Fri, Jul 27th 2018 10:30 am
Catholic Charities of Buffalo
Note: This is the second of three columns that will deal with the issue of migrants and refugees, its causes, what the Church teaches, and what action should be taken.
At the end of the last column, I suggested that we need to imagine ourselves as refugees and then imagine what justice looks like. The good news is that our imagining of justice for immigrants and refugees can be guided by a strong and clear teaching of the Church on this issue.
Fifteen years ago the bishops of the United States and Mexico jointly issued a landmark document entitled "Strangers No Longer: Together on the Journey of Hope." This pastoral letter was written after two years of study, interviews, meetings, and dialogue with migrants, government officials, families and religious leaders.
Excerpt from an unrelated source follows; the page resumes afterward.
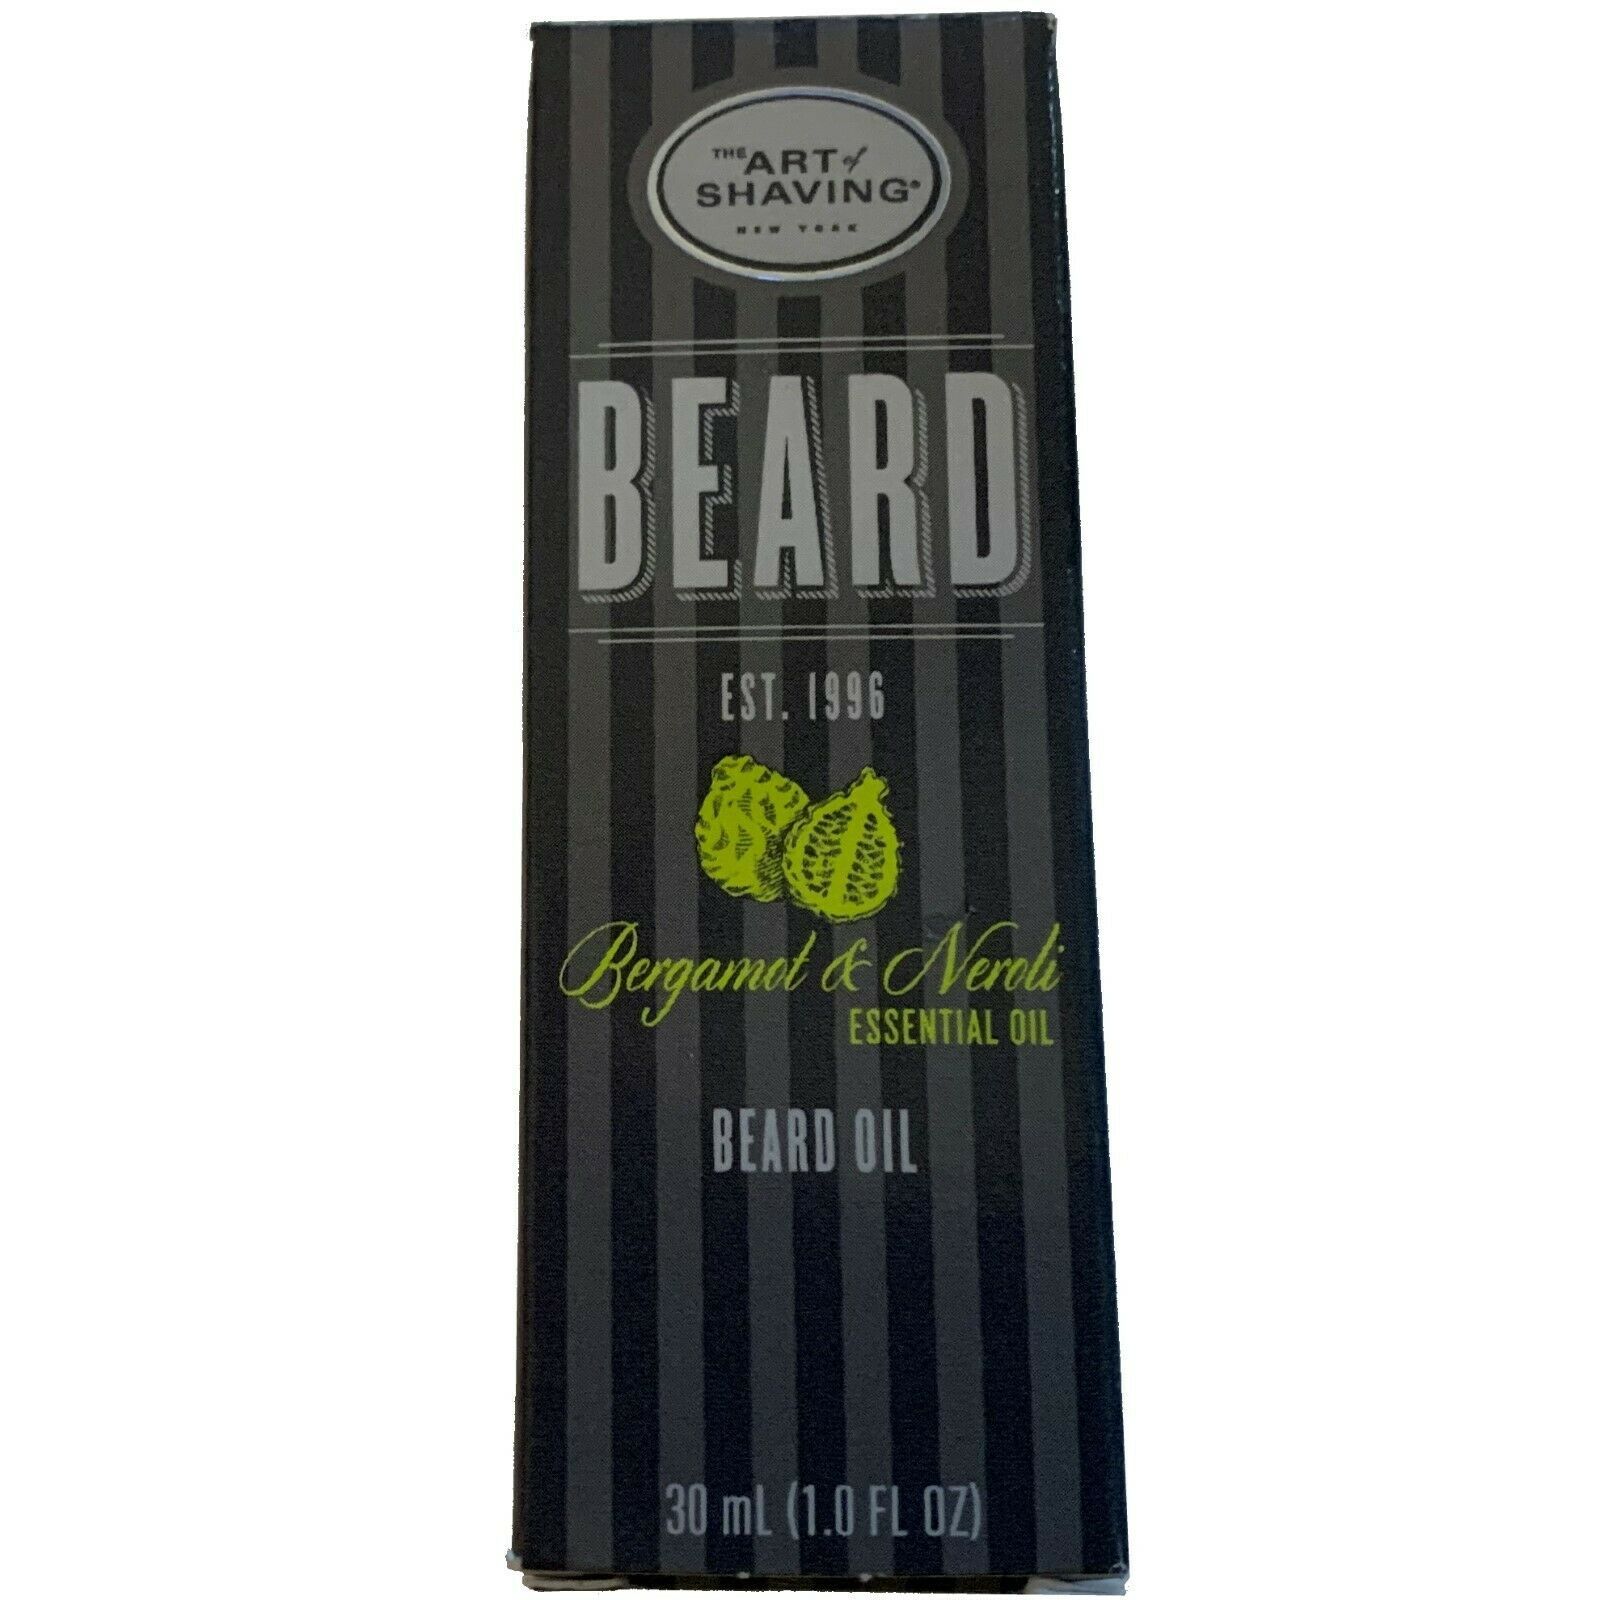 The Art Of Shaving Beard Oil - Burgamot & Neroli Essential Oil   30ml/1oz - $19.99

The pastoral letter is written in a language that is both practical and compassionate, and contains a great many insights for how to apply Catholic Social Teaching to the issue of immigration and refugees. While the entire letter should be read in order to understand the whole teaching of the bishops on this issue, there is a section that summarizes this important teaching.
In particular, paragraphs 33-38 list five principles that should guide our position on immigration and refugee issues. The principles are from the bishops, but I have rephrased some of their language:
- Persons have the right to find opportunities in their homeland. Included in the basic rights of every person are the conditions worthy of human life in their own country. People have the right to live free from poverty, injustice, religious intolerance and armed conflicts. They also have the right to have work that provides a just, living wage. These are a matter of basic human dignity.
- Persons have the right to migrate to support themselves and their families. So when people are deprived of peace, a just wage, and other conditions that would allow for their integral development, they have the right to migrate to another country in order to provide for themselves and their families. Sovereign nations should provide ways to accommodate this right. The Church recognizes that all the goods of the earth belong to all people - and more prosperous nations have a stronger obligation to accept migrants.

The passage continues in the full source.